Comment by mschuster91
21 hours ago
Global tarpit is the solution. It makes sense anyway even without taking AI crawlers into account. Back when I had to implement that, I went the semi manual route - parse the access log and any IP address averaging more than X hits a second on /api gets a -j TARPIT with iptables [1].
Not sure how to implement it in the cloud though, never had the need for that there yet.
[1] https://gist.github.com/flaviovs/103a0dbf62c67ff371ff75fc62f...
One such tarpit (Nepenthes) was just recently mentioned on Hacker News: https://web.archive.org/web/20250117030633/https://zadzmo.or...
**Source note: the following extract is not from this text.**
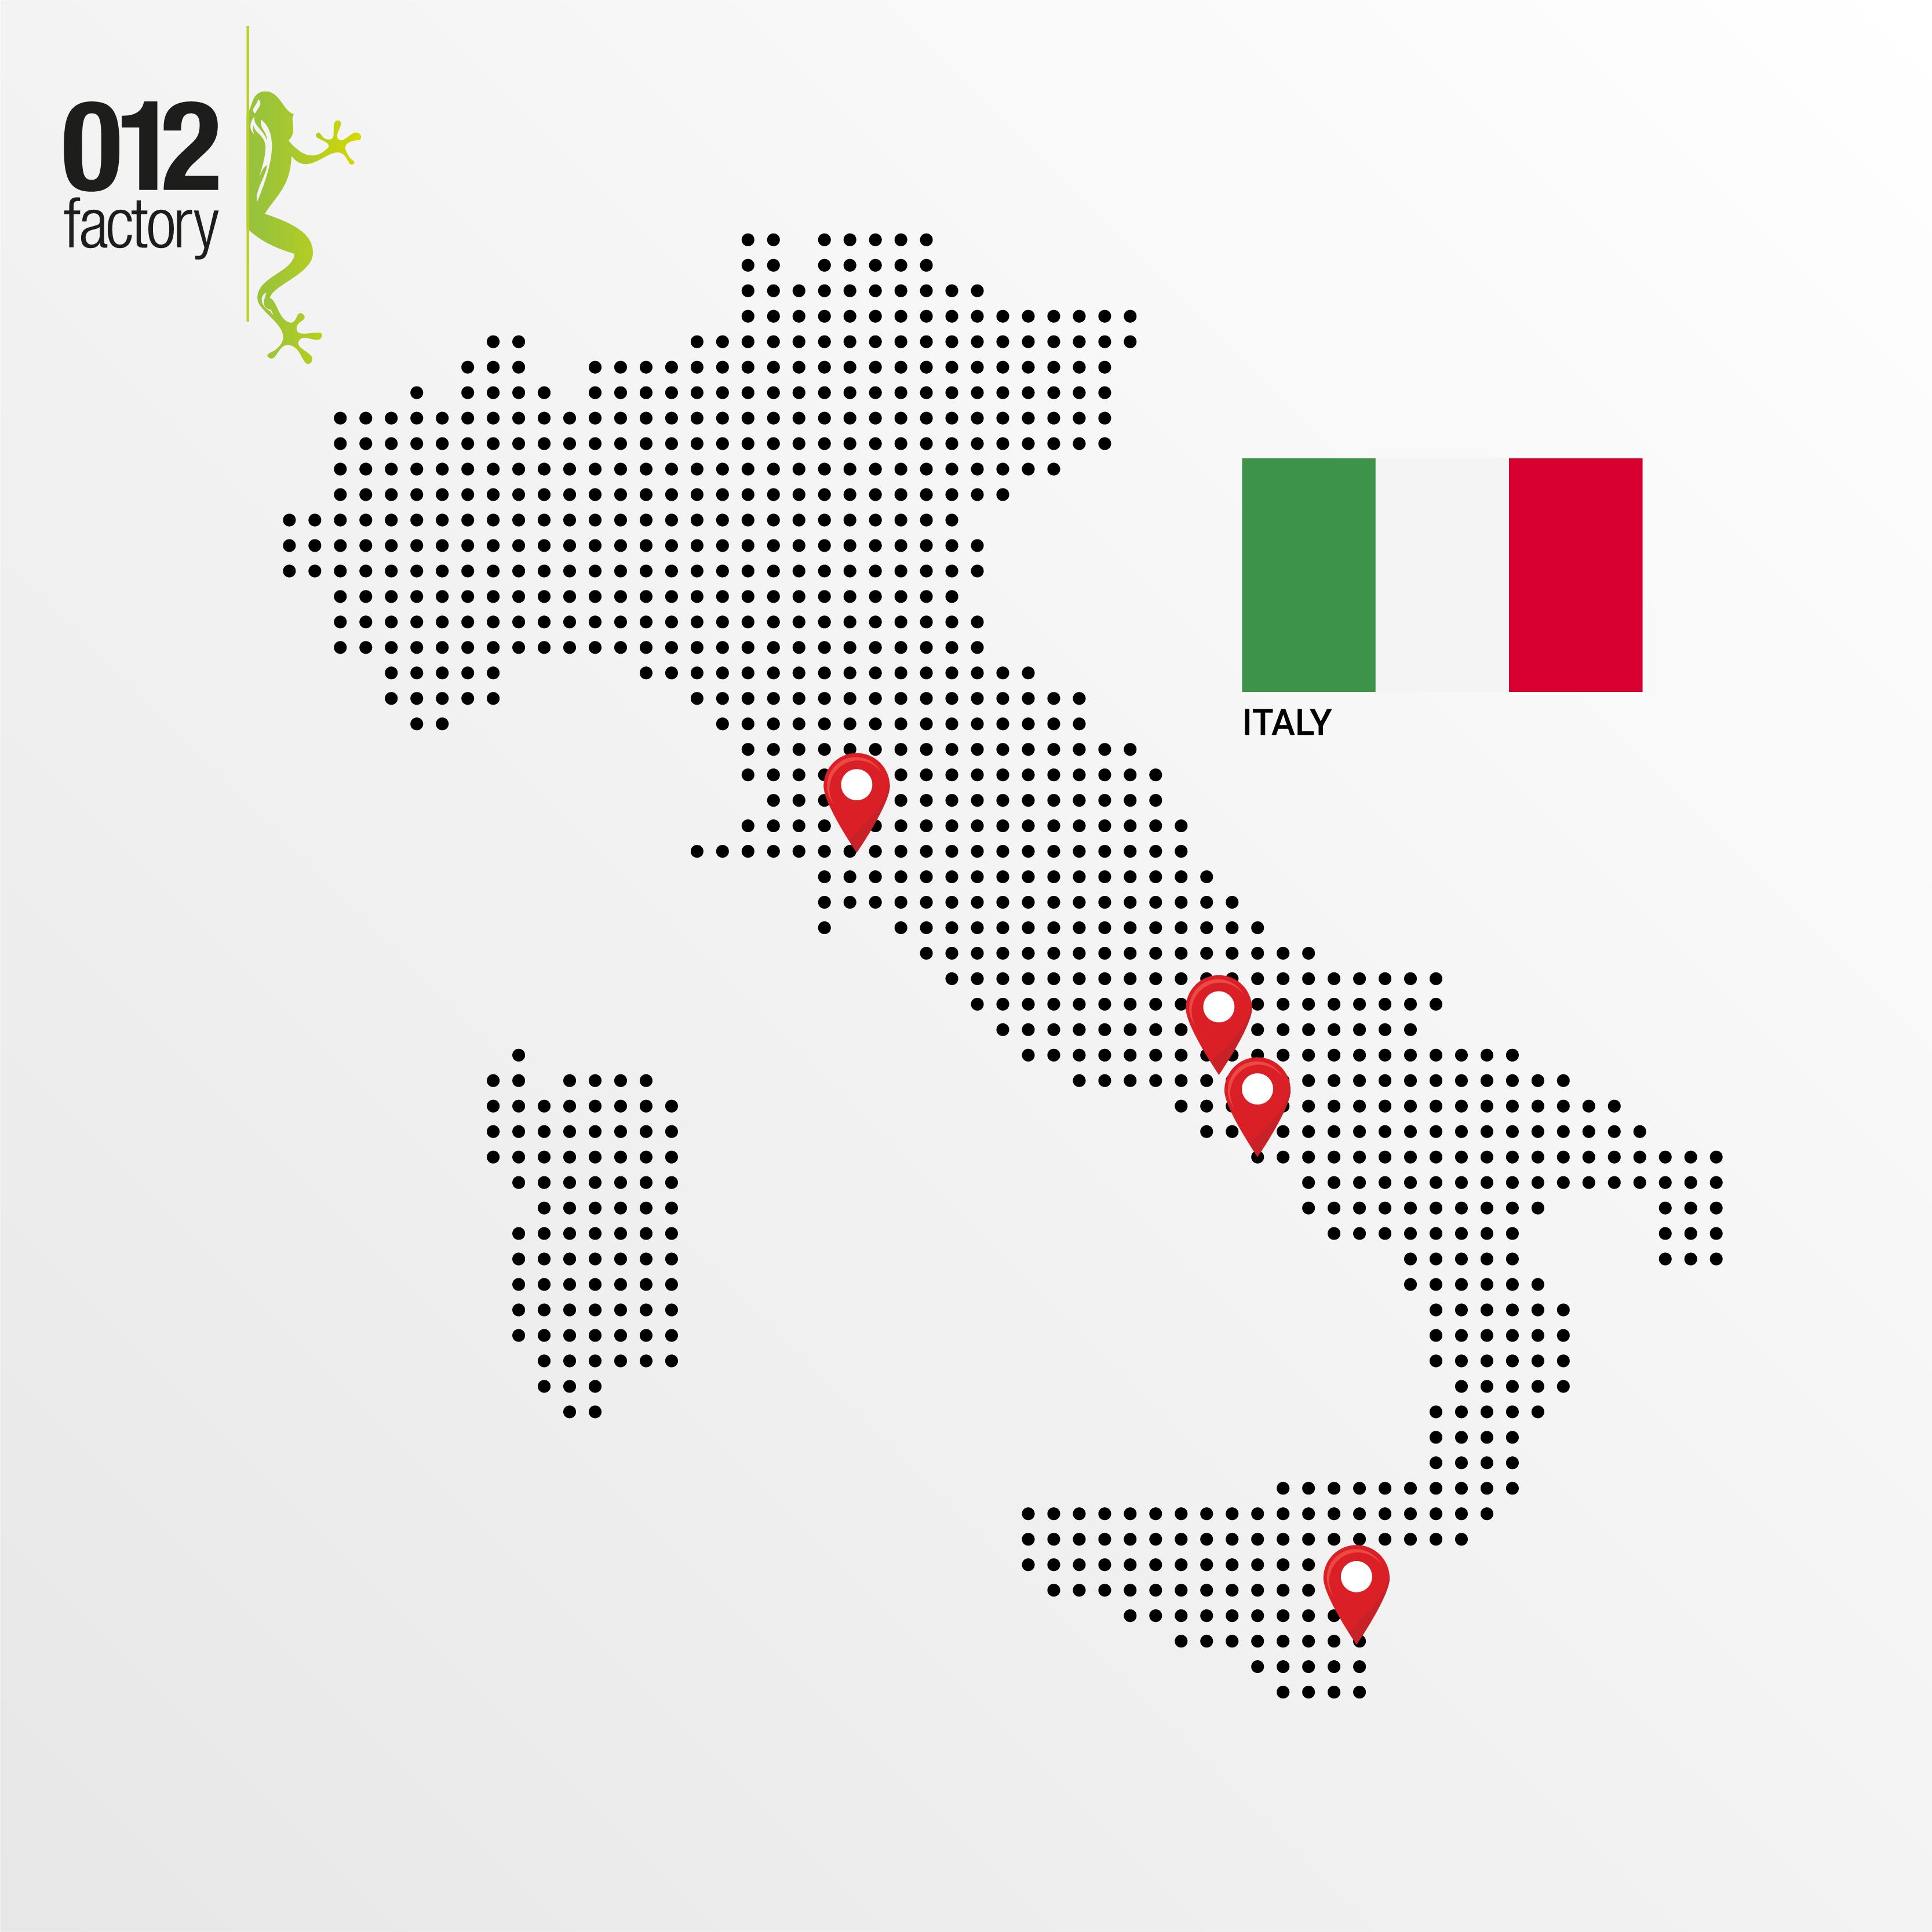 dd788328 72d8 76a9 1947 53dcfa017796 NASCE 012 TECH, PRIMO CONSORZIO ITALIANO DI STARTUP

Quixotic[0] (my content obfuscator) includes a tarpit component, but for something like this, I think the main quixotic tool would be better - you run it against your content once, and it generates a pre-obfuscated version of it. It takes a lot less of your resources to serve than dynamically generating the tarpit links and content.
0 - https://marcusb.org/hacks/quixotic.html
How do you know their site is down? You probably just hit their tarpit. :)
i would think public outcry by influencers on social media (such as this thread) is a better deterrent, and also establishes a public datapoint and exhibit for future reference.. as it is hard to scale the tarpit.
This doesn't work with the kind of highly distributed crawling that is the problem now.
Don't we have intellectual property law for this tho?